Instructed to Bias: Instruction-Tuned Language Models Exhibit Emergent Cognitive Bias

Itay Itzhak,Gabriel Stanovsky,Nir Rosenfeld,Yonatan Belinkov
2024-03-31
Abstract:Recent studies show that instruction tuning (IT) and reinforcement learning from human feedback (RLHF) improve the abilities of large language models (LMs) dramatically. While these tuning methods can help align models with human objectives and generate high-quality text, not much is known about their potential adverse effects. In this work, we investigate the effect of IT and RLHF on decision making and reasoning in LMs, focusing on three cognitive biases - the decoy effect, the certainty effect, and the belief bias - all of which are known to influence human decision-making and reasoning. Our findings highlight the presence of these biases in various models from the GPT-3, Mistral, and T5 families. Notably, we find a stronger presence of biases in models that have undergone instruction tuning, such as Flan-T5, Mistral-Instruct, GPT3.5, and GPT4. Our work constitutes a step toward comprehending cognitive biases in instruction-tuned LMs, which is crucial for the development of more reliable and unbiased language models.
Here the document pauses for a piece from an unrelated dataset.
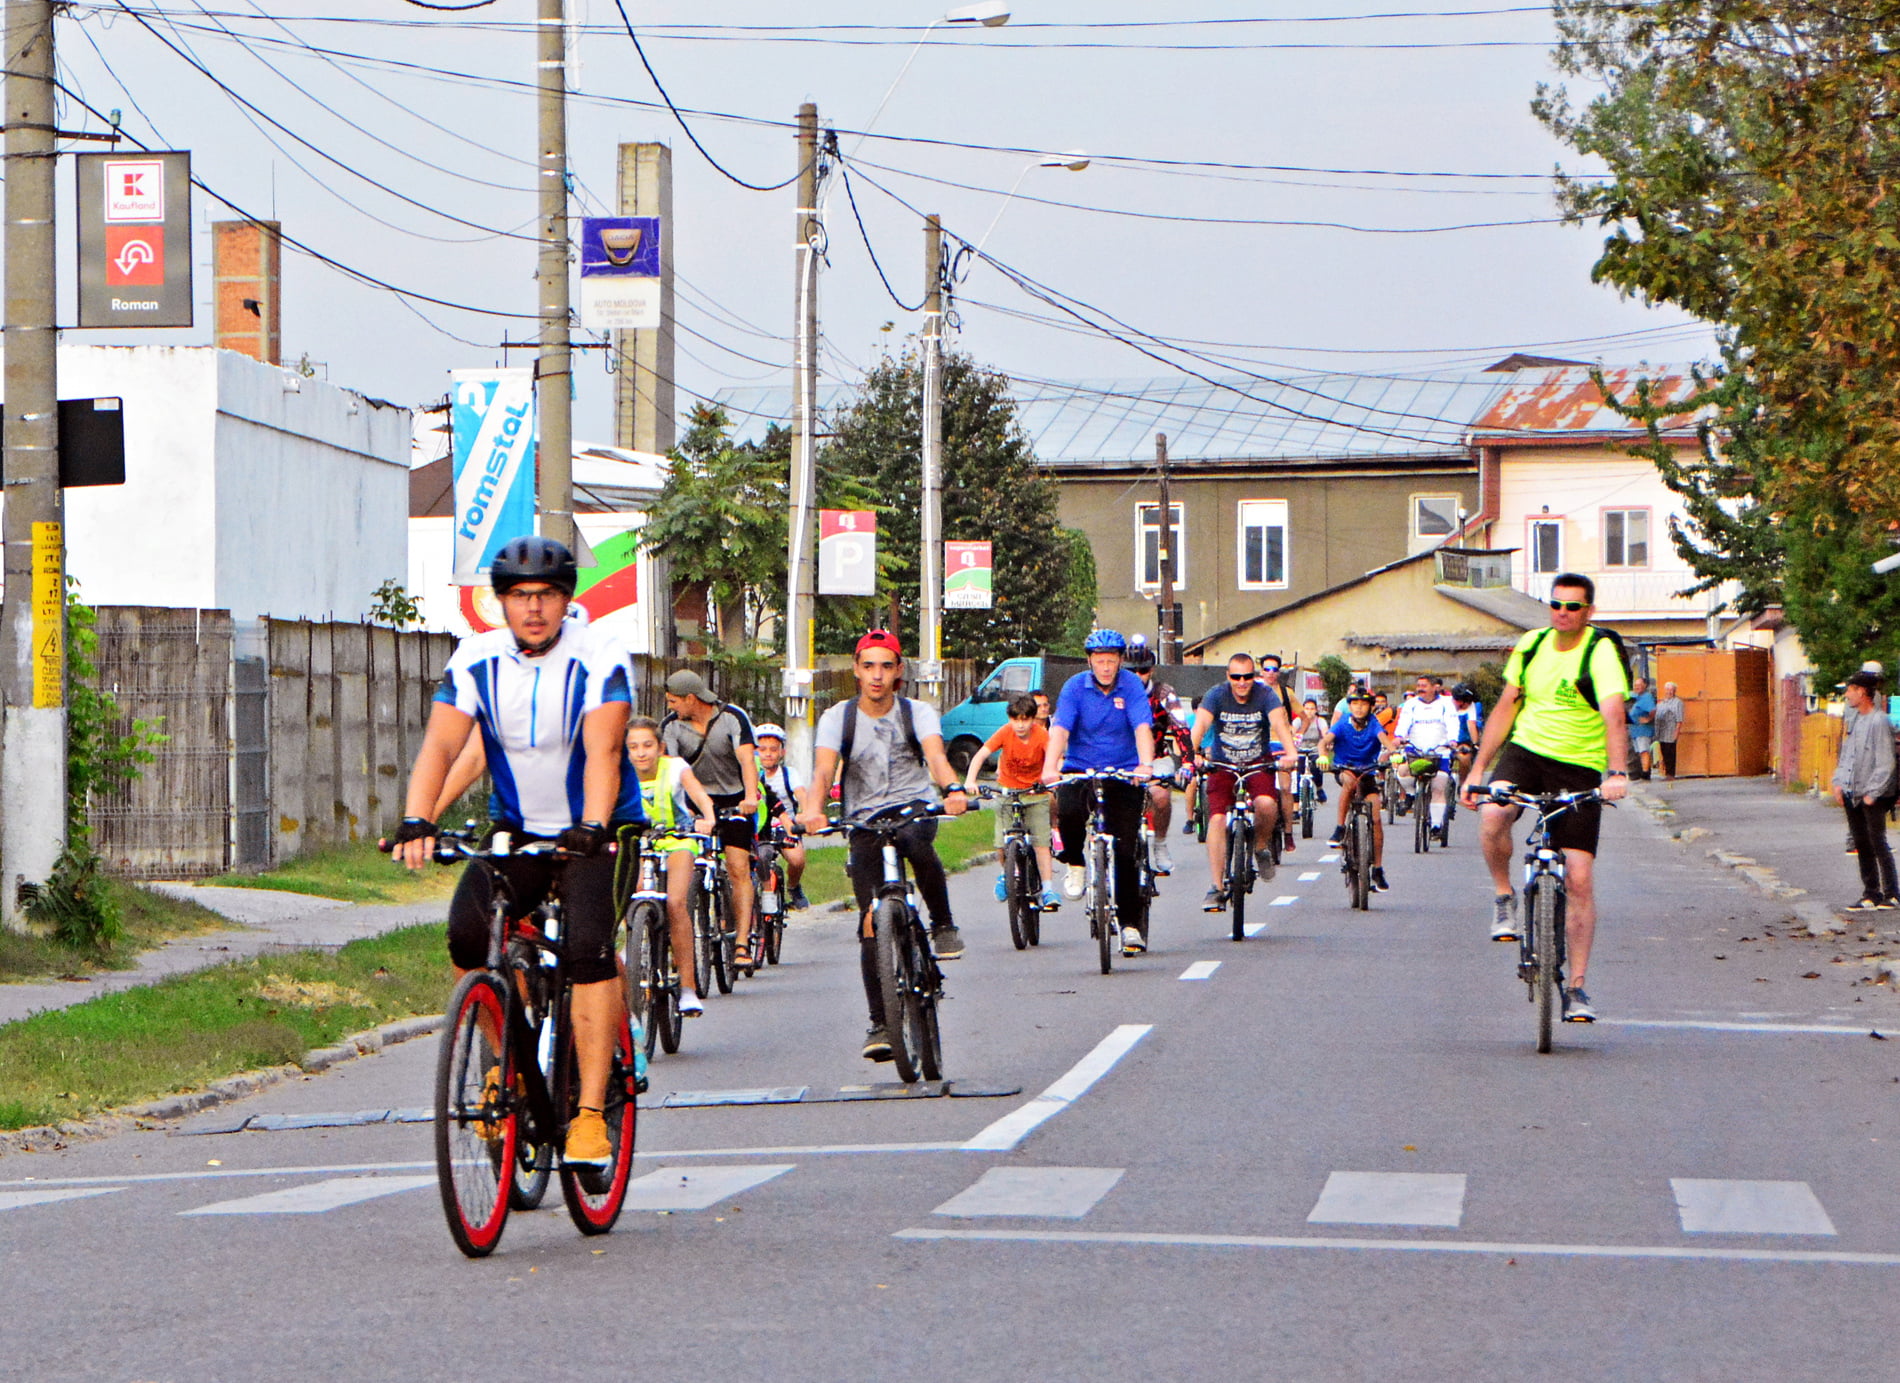 Circulație restricționată miercuri seară, pentru desfășurarea unui tur ciclist al Romanului

Artificial Intelligence,Computers and Society,Machine Learning
What problem does this paper attempt to address?
This paper investigates the impact of instruction tuning (IT) and reinforcement learning from human feedback (RLHF) on the decision-making and reasoning capabilities of large language models (LLMs). The study focuses on three cognitive biases: the decoy effect, the certainty effect, and the belief bias, all of which are known to affect human decision-making and reasoning. The study finds that models tuned by instructions, such as Flan-T5, Mistral-Instruct, GPT3.5, and GPT4, exhibit stronger biases. This suggests that while IT and RLHF can improve the alignment of models with human objectives and the quality of the generated text, they may also introduce or exacerbate biases. The paper proposes that understanding the cognitive biases in instruction-tuned LLMs is crucial for developing more reliable and unbiased language models. The findings of the study indicate that pursuing consistency with human behavior in models may result in unexpected biased behaviors in other aspects.